Sliding Window Attention

Summary: Sliding Window Attention for long sequences: local context windows enable O(n) complexity, used in Mistral and Longformer models.

The idea: attend locally, not globally

Full self-attention compares every token with every other token, which costs O(n²) — the wall that makes long sequences expensive. Sliding window attention removes the wall with one restriction: each token only attends to a fixed-size window of nearby tokens instead of the whole sequence.

With a window of w, every query touches at most w keys, so cost drops to O(n × w) — linear in sequence length when w is fixed.

This page assumes you know self-attention and why standard attention is quadratic.

Interactive visualization

Step through how the window slides, and watch the receptive field grow as you stack layers:

Two flavours: causal vs symmetric

The "window" means different things depending on the model:

Causal (decoder LMs — Mistral): token i attends to the previous w tokens, positions [i-w+1,\ i]. It never looks ahead, so it works for autoregressive generation.

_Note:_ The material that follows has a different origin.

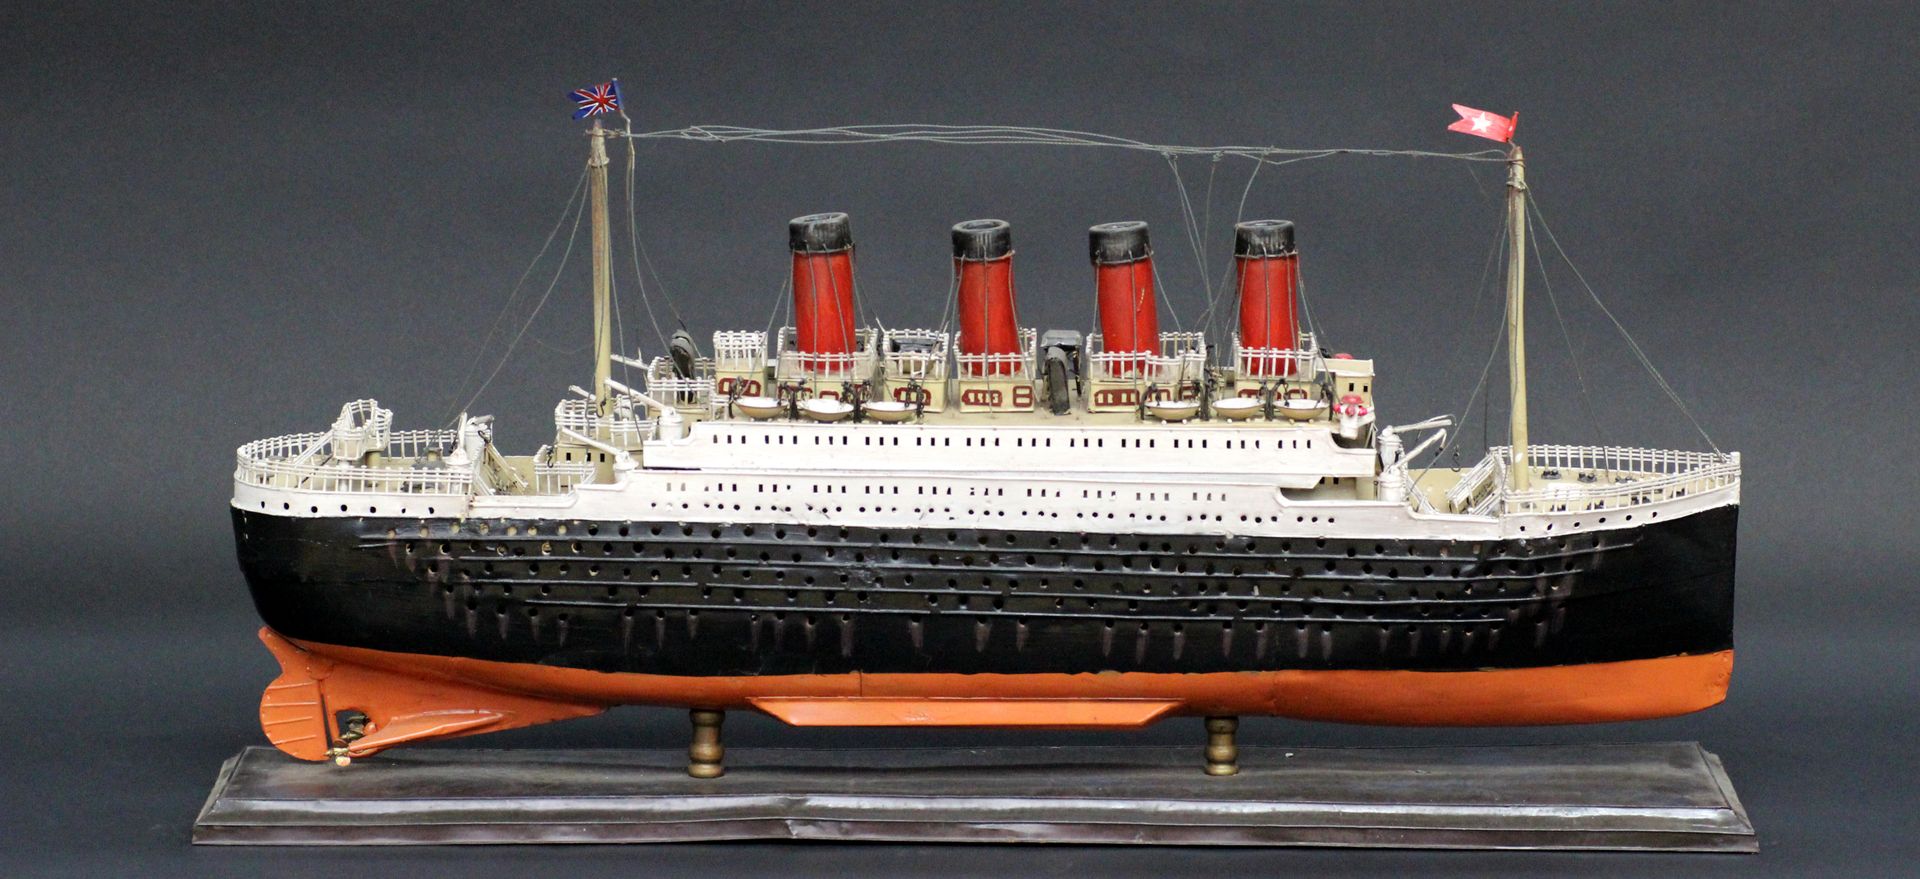 Null 一艘悬挂英国白星航运公司旗帜的跨大西洋班轮模型（可能是泰坦尼克号）。由金属板制成。黑色船体，四个烟囱，三个螺旋桨，白色上层甲板和红色烟囱。大约1880&hellip;

Mistral 7B uses a causal window of 4096.
Symmetric (encoders — Longformer): token i attends to w tokens on each side, positions [i-w,\ i+w] — a band of width 2w+1.

Either way, attention is computed only over the windowed keys and values:

\text{Attention}(i) = \text{softmax}\!(Q_i\,K_\text{window(i)}^\top√(d)) V_\text{window(i)}

In practice the restriction is applied as a band-diagonal mask before softmax, so it parallelizes just like full attention.

Why locality is enough: depth grows the receptive field

A single windowed layer only sees w neighbours — so how can such a model capture long-range structure? The same way a stack of small convolutions does: the receptive field grows with depth.

Layer 1 mixes information within a window of w. Layer 2 attends to tokens that already absorbed their windows, so its effective reach is 2w. After L layers a token can be influenced by information up to roughly L × w positions away:

\text{receptive field} ≈ L × w

Mistral's 32 layers × 4096 window gives a theoretical reach of ~131K tokens — enough to span a 32K context. (It's an upper bound: signal still has to survive being re-mixed at every layer, so effective range is shorter than the theoretical one.)

Cost compared to full attention

	Full attention	Sliding window
Attention per token	all n keys	w keys
Time	O(n²)	O(n × w)
Memory (scores)	O(n²)	O(n × w)
Long-range context	direct	indirect, via depth

For a 32K sequence with a 4K window the per-layer attention matrix shrinks by ~87.5% — the saving that lets long-context models run on the same hardware.

Combining and extending it

Sliding windows are usually one ingredient, not the whole recipe:

Global tokens (Longformer / BigBird): keep a few tokens that attend to — and are attended by — everything, so a CLS-like token or document metadata stays globally reachable while the rest stay local.
Dilated windows: attend to every d-th position instead of consecutive ones, widening reach without adding keys — the attention analogue of dilated convolutions.
Attention sinks: pin the first few tokens alongside the window to keep streaming generation stable.
Constant-memory inference: pair the window with a rolling KV cache (Mistral) so only the last w keys are stored, and fuse the band mask into FlashAttention to avoid materializing it.

It is one point on a spectrum of cheaper-than-quadratic attention — see also sparse attention patterns and the broader idea of the context window.

When it fits (and when it doesn't)

Sliding window attention shines when the signal is mostly local — code, long documents, audio/transcription — and where you can afford to let long-range information propagate through depth. Its weakness is the flip side: anything needing a direct long jump (retrieving a fact from 20K tokens ago in a single hop) is harder, since that information must survive being re-mixed layer by layer. Global tokens and attention sinks exist precisely to patch that gap.